“What are you thinking?” She asked.
“I’m just thinking that you’re right,” I replied.
She smiled and turned off the light. “You should be getting used to that by now.”
At our next session, Dr. Koenig was running behind and so I had to cool my heels without him for several minutes. When he came in, he found me standing at the window looking out over that little courtyard, my hands behind my back. Today, an old woman sat on the bench eating popcorn from a small red-and-white striped bag. White-haired and hunchbacked, the she chewed with the slow deliberation of one with few teeth and nothing but time—although, from the looks of her, she didn’t have much of either. A stainless steel walker frame stood parked beside the bench. Her eyes stared into space.
Alzheimer’s, I thought. Dr. Koenig’s office occupied the first floor of a large building; she was probably an outpatient in somebody’s eldercare practice. Right now, a man or woman in his or her fifties or sixties was watching her from another office window I couldn’t see, talking with an entirely different doctor from mine about Mother’s options.

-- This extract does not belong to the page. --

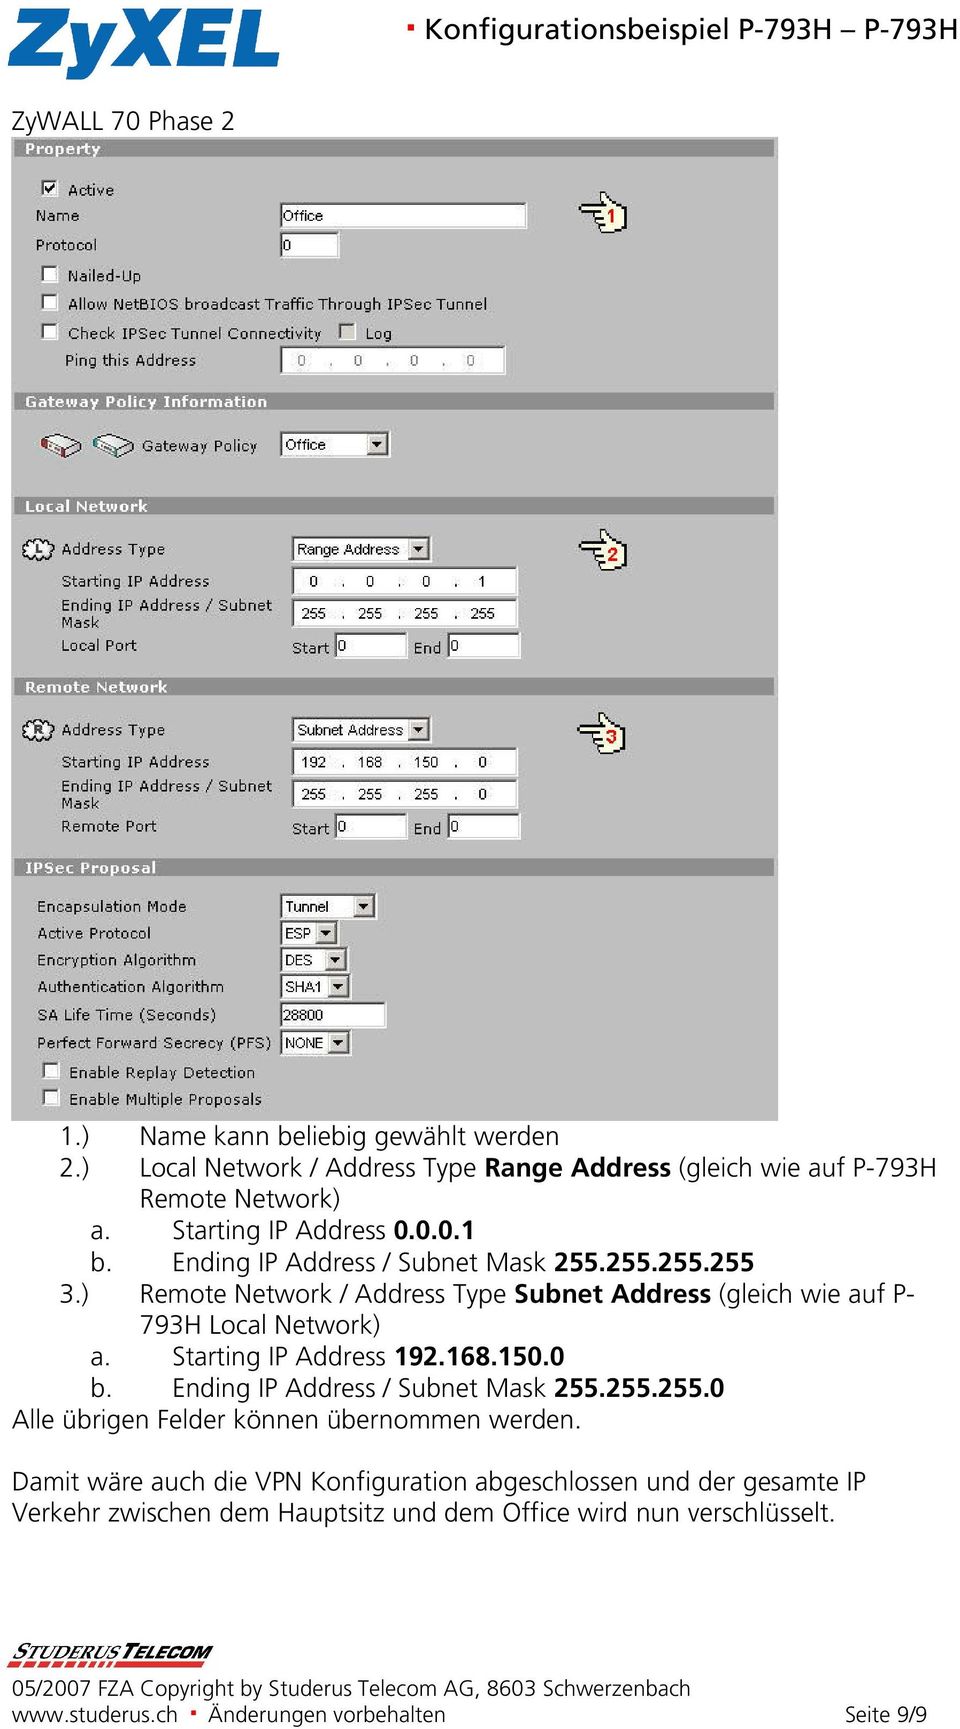 ) Remote Network / Address Type Subnet Address (gleich wie auf P- 793H Local Network) a. Starting IP Address 192.168.150.0 b.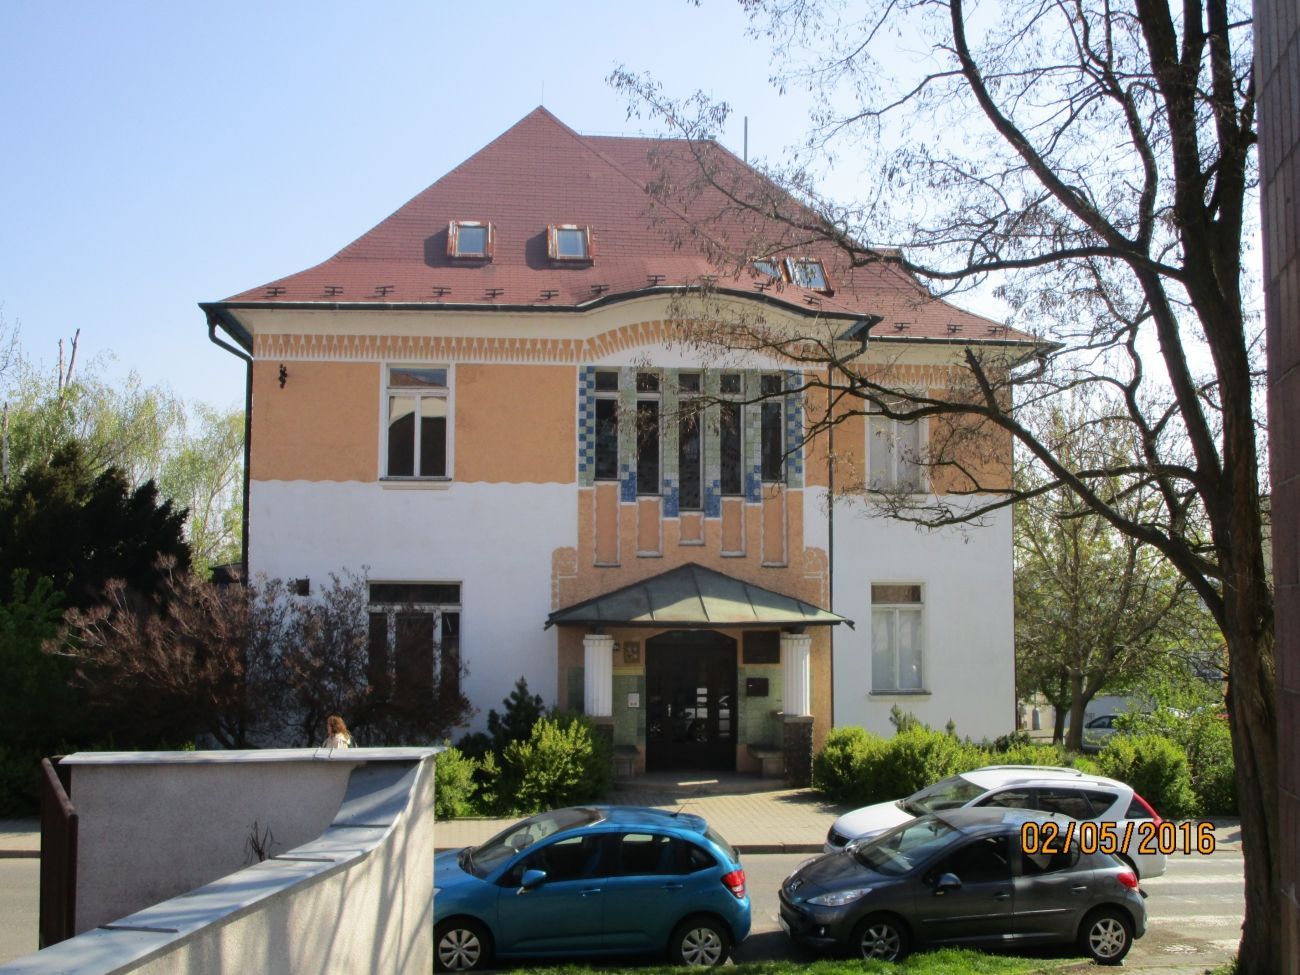 Žilkova vila v Mělníku

“Who’s that lady out there?” I asked.
“I have no idea.”
He joined me at the window. He had eschewed the informal attire this morning, and now his skinny neck poked out of a white collared shirt, the inverted noose of a necktie falling down towards his beltline. He had important obligations today, people to do, things to see. Drive over to the university in Chapel Hill, maybe, give a lecture to the next generation of psychotherapists so that they could adequately counsel the next generation of neurotic lawyers. Dr. Koenig had a life. When I wasn’t in his office, he probably didn’t even think about me. He ran marathons. He made organic salads.
“She’s got Alzheimer’s,” I said.
“How do you know?”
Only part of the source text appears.